Instructions for the task =>
Pictures aside, copy every record word for word.

Segment Start: Data listing

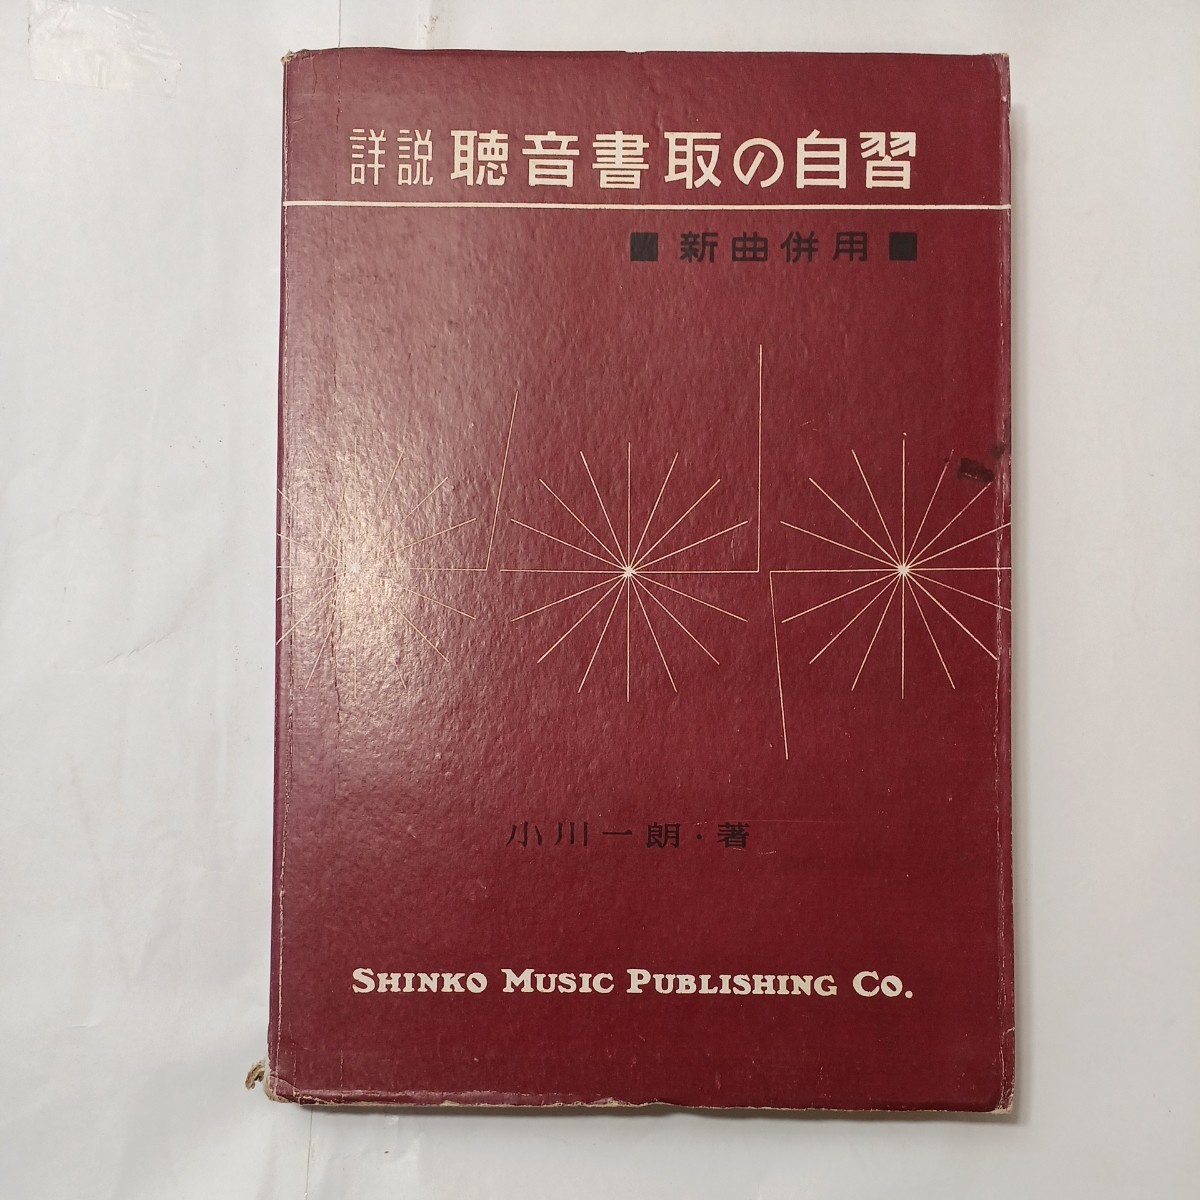 zaa-512 対位法 黒澤隆朝(著) 出版社 全音教科書 昭和25年(1950/08/20
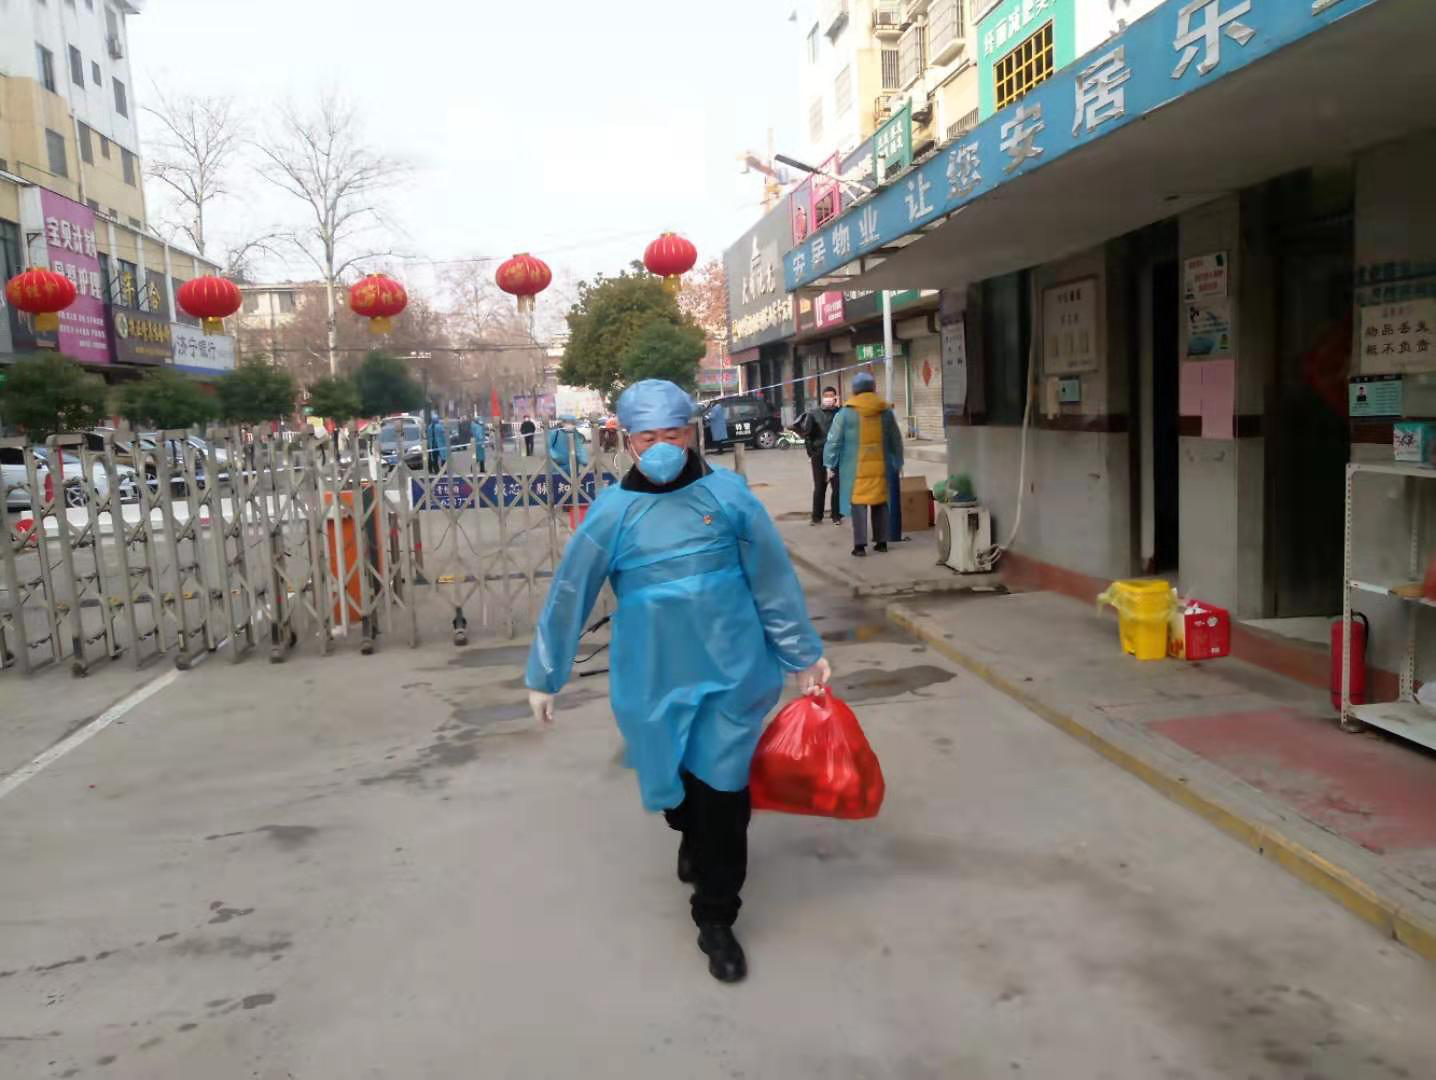 刘堪海同志帮助隔离小区居民传送物资
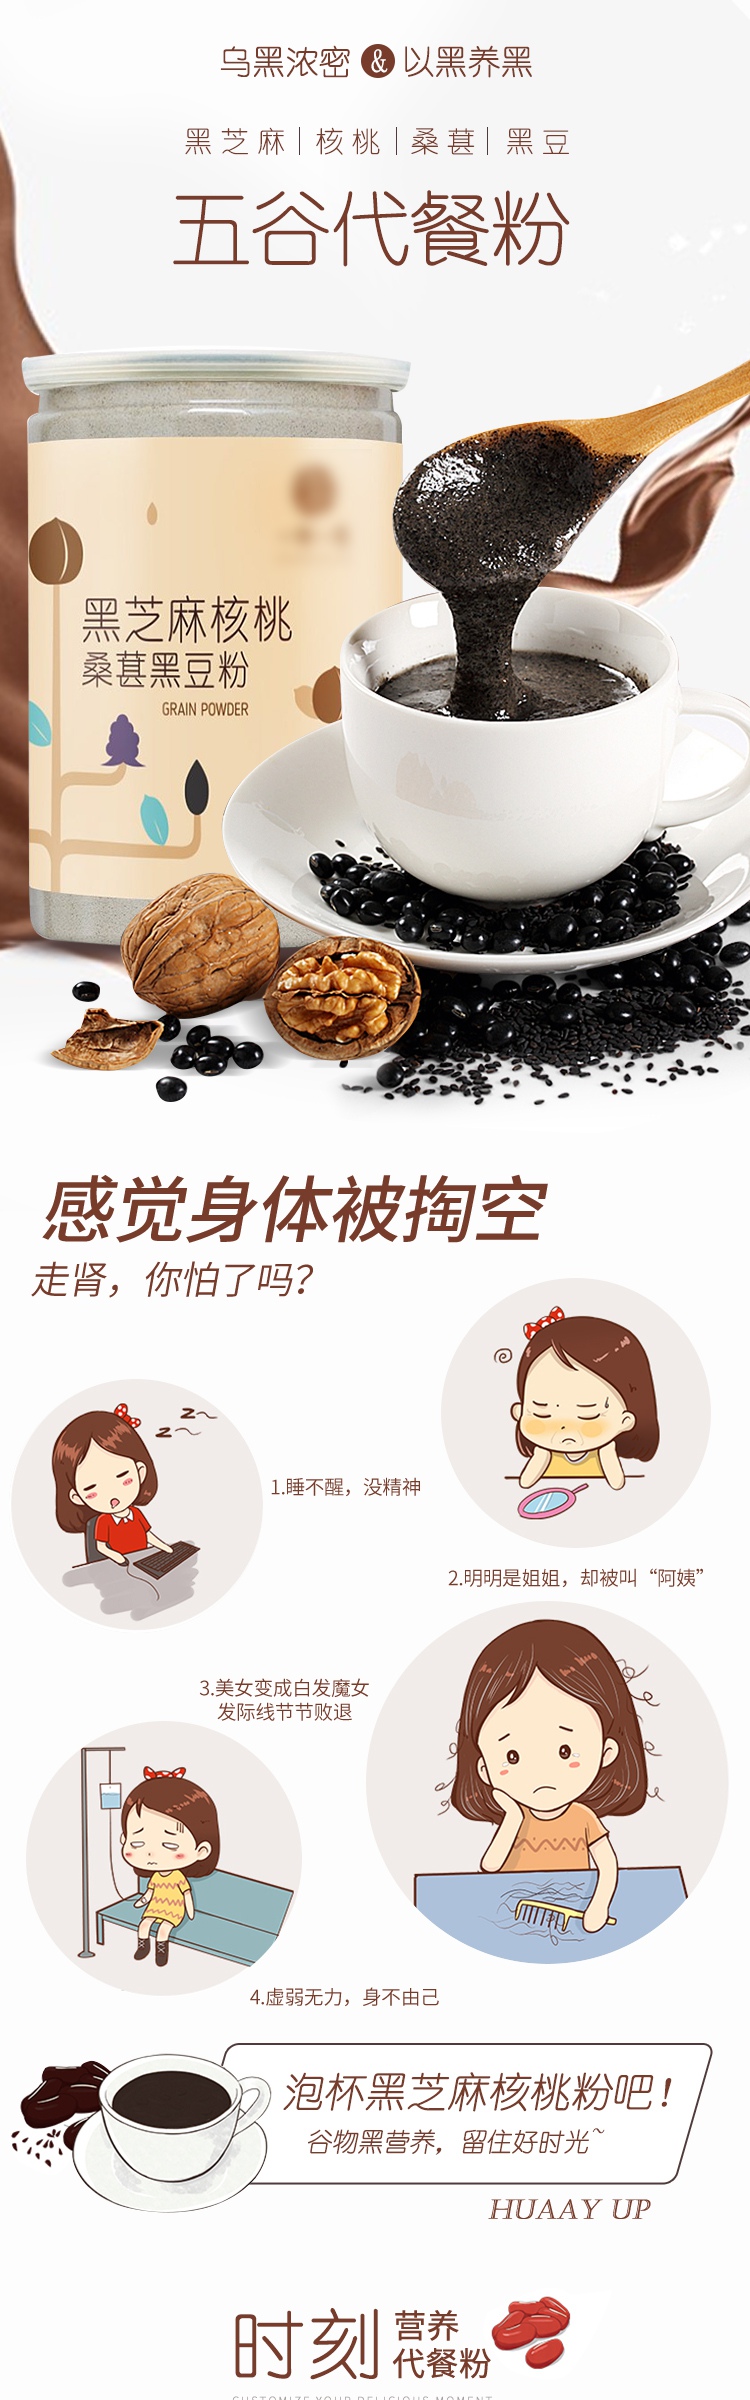 淡雅小清新日常通用五谷代餐粉米稀食品详情页
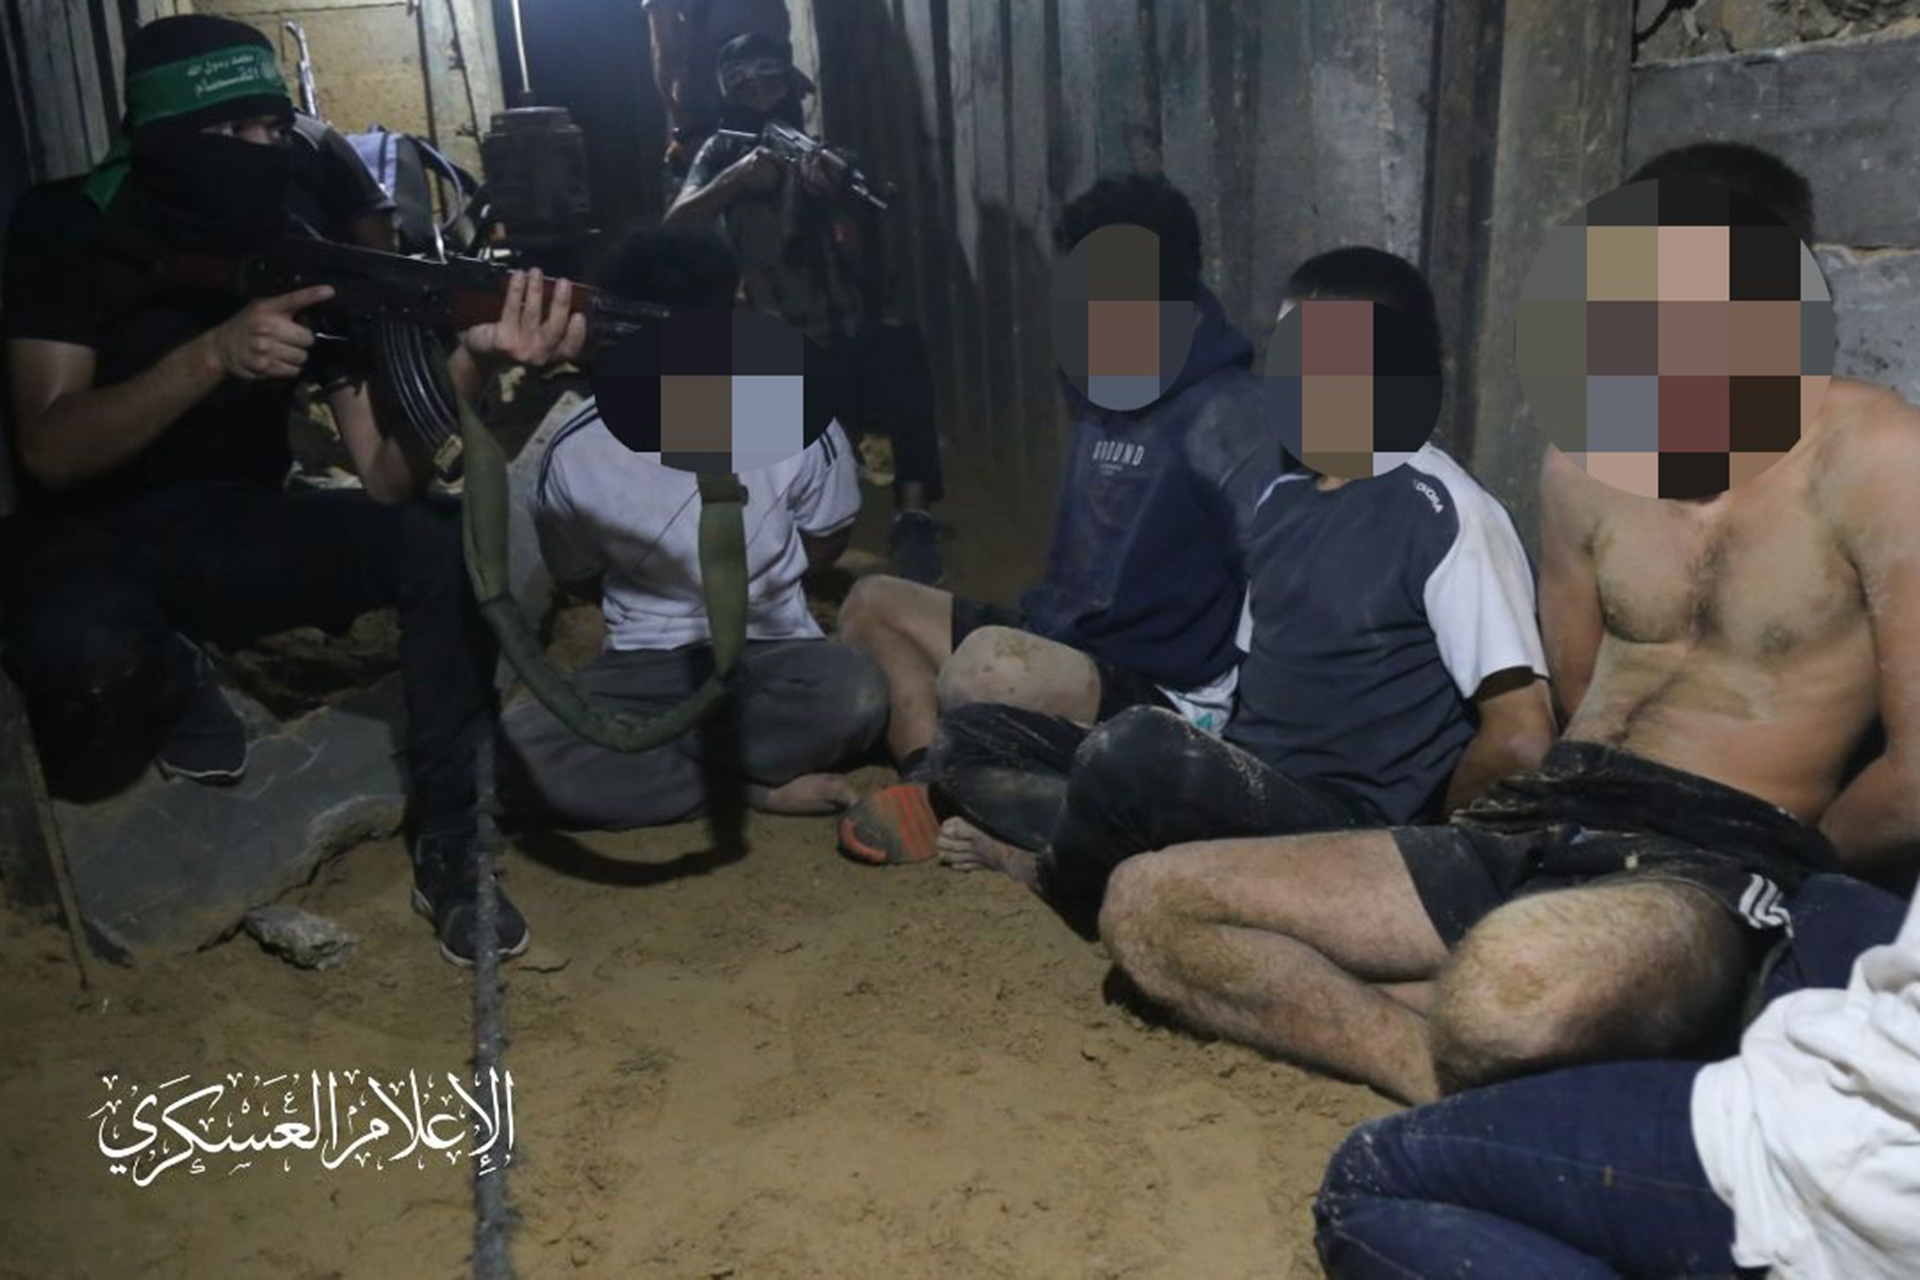 إطلاق سراح 12 عاملا تايلنديا كانوا محتجزين بغزة بعد جهود قطرية | أخبار – البوكس نيوز
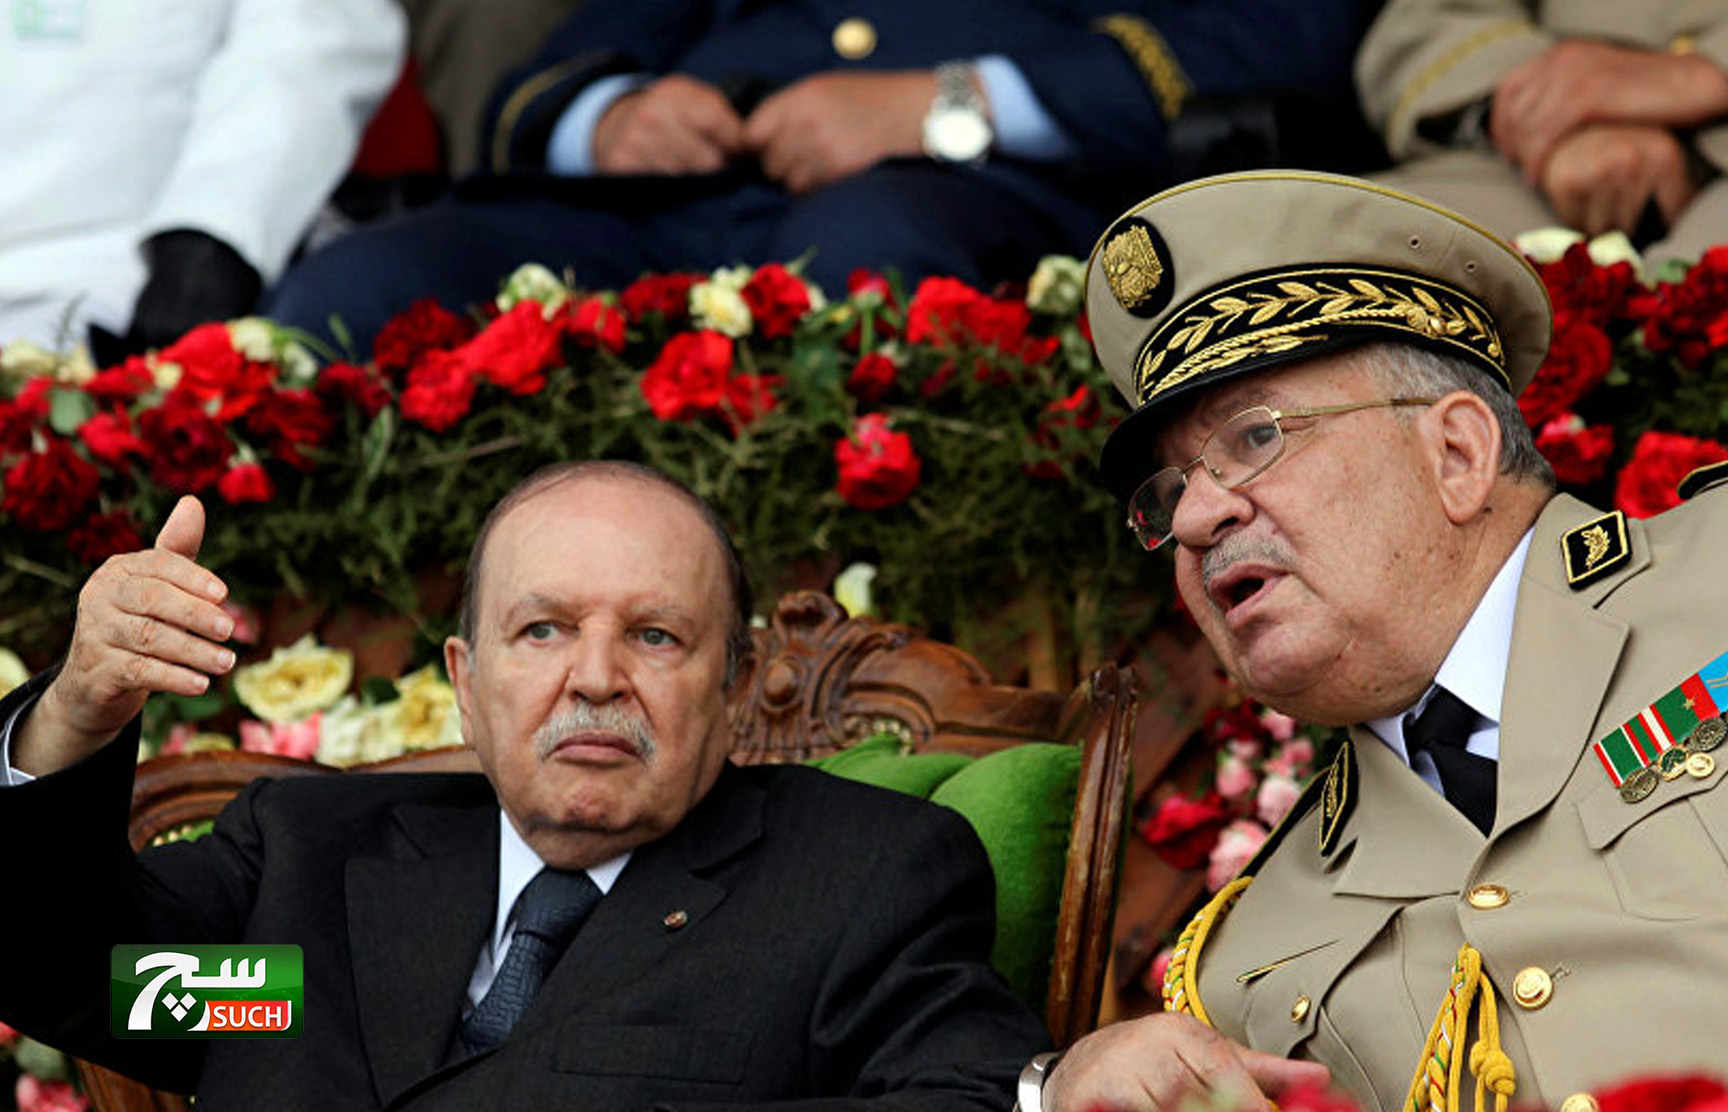 وزارة الدفاع الجزائرية تنفي إقالة رئيس الأركان

Segment End: Data listing

Response area =>
 zaa-512 対位法 黒澤隆朝(著) 出版社 全音教科書 昭和25年(1950/08/20
 刘堪海同志帮助隔离小区居民传送物资
 淡雅小清新日常通用五谷代餐粉米稀食品详情页
 إطلاق سراح 12 عاملا تايلنديا كانوا محتجزين بغزة بعد جهود قطرية | أخبار – البوكس نيوز
 وزارة الدفاع الجزائرية تنفي إقالة رئيس الأركان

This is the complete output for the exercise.